Fig. 1. Schematic figure showing the PREP with additional gas flowing on the end face of electrode.

플라즈마 회전 전극 공정 중 분말 형성에 대한 공정 매개변수 및 냉각 가스의 영향

Effects of process parameters and cooling gas on powder formation during the plasma rotating electrode process

Yujie Cuia Yufan Zhaoa1 Haruko Numatab Kenta Yamanakaa Huakang Biana Kenta Aoyagia AkihikoChibaa
aInstitute for Materials Research, Tohoku University, Sendai 980-8577, JapanbDepartment of Materials Processing, Graduate School of Engineering, Tohoku University, Sendai 980-8577, Japan

Highlights

•The limitation of increasing the rotational speed in decreasing powder size was clarified.

•Cooling and disturbance effects varied with the gas flowing rate.

•Inclined angle of the residual electrode end face affected powder formation.
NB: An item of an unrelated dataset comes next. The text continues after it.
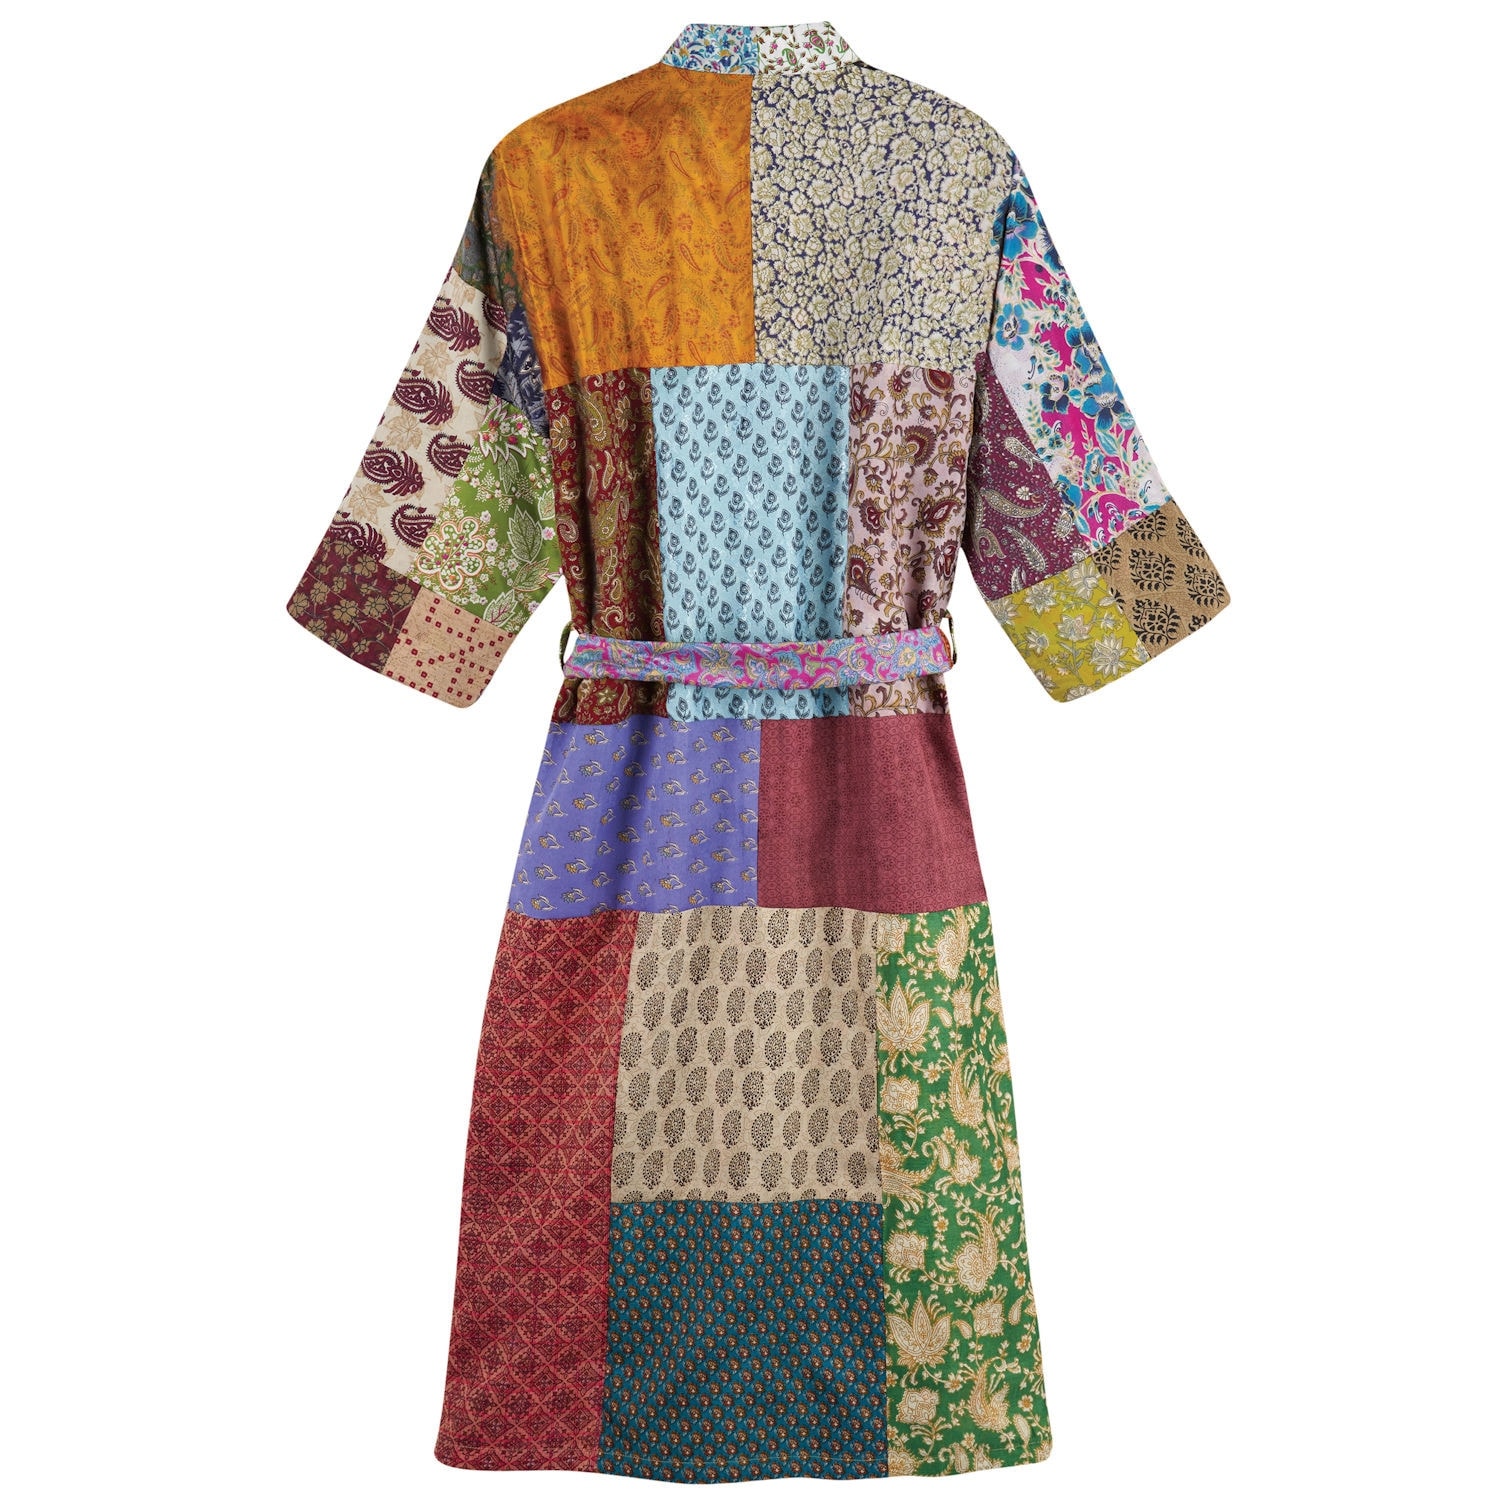 oriental robe bohemian women/'s clothing bridal kimono dress swimming dress #TMK 161 recycled kimono art silk sari fabric kimono jacket
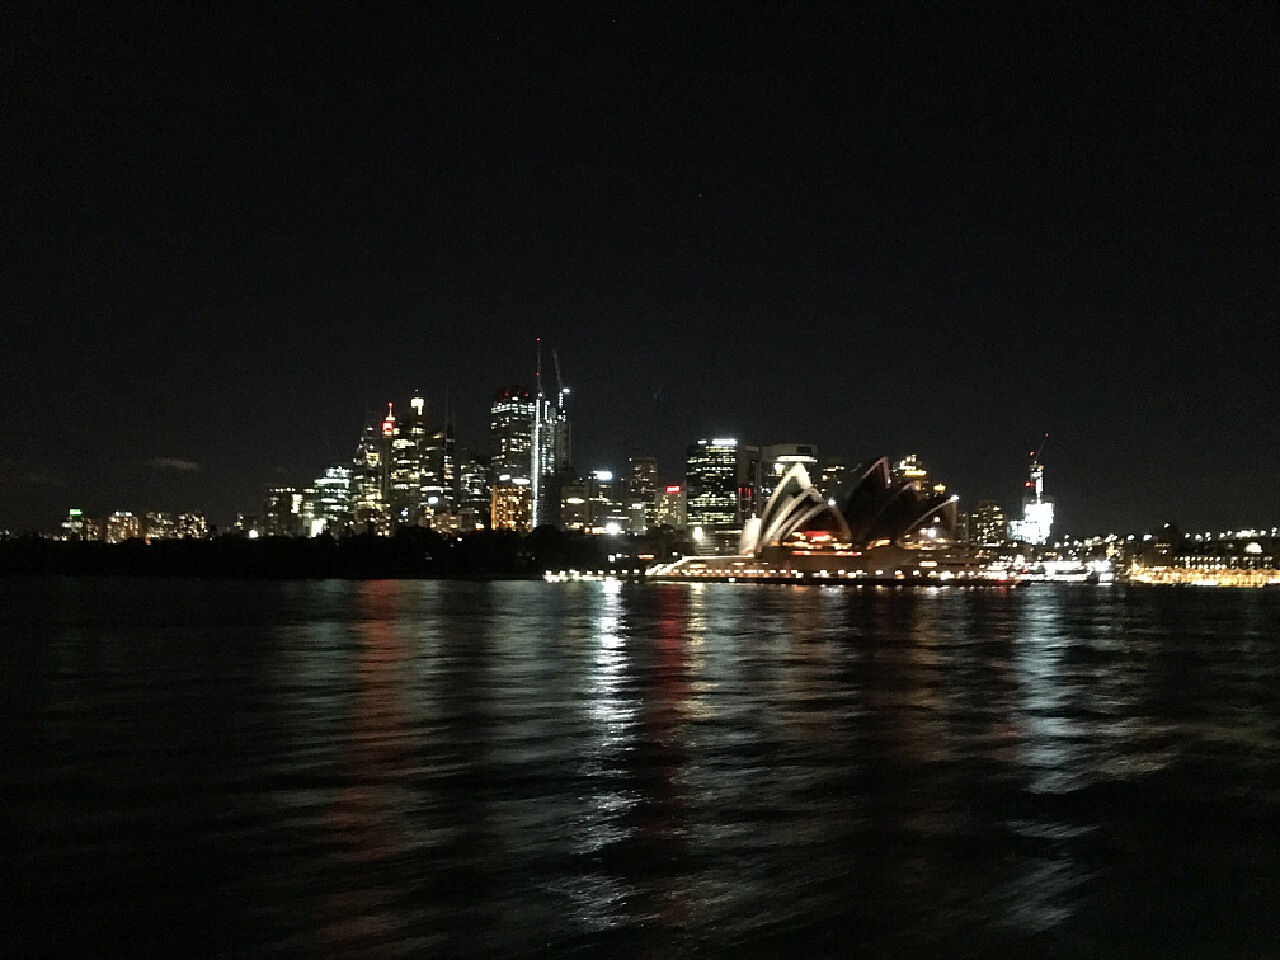 悉尼歌剧院夜景壁纸图片-壁纸高清

•Additional cooling gas flowing could be applied to control powder size.

Abstract

The plasma rotating electrode process (PREP) is rapidly becoming an important powder fabrication method in additive manufacturing. However, the low production rate of fine PREP powder limits the development of PREP. Herein, we investigated different factors affecting powder formation during PREP by combining experimental methods and numerical simulations. The limitation of increasing the rotation electrode speed in decreasing powder size is attributed to the increased probability of adjacent droplets recombining and the decreased tendency of granulation. The effects of additional Ar/He gas flowing on the rotational electrode on powder formation is determined through the cooling effect, the disturbance effect, and the inclined effect of the residual electrode end face simultaneously. A smaller-sized powder was obtained in the He atmosphere owing to the larger inclined angle of the residual electrode end face compared to the Ar atmosphere. Our research highlights the route for the fabrication of smaller-sized powders using PREP.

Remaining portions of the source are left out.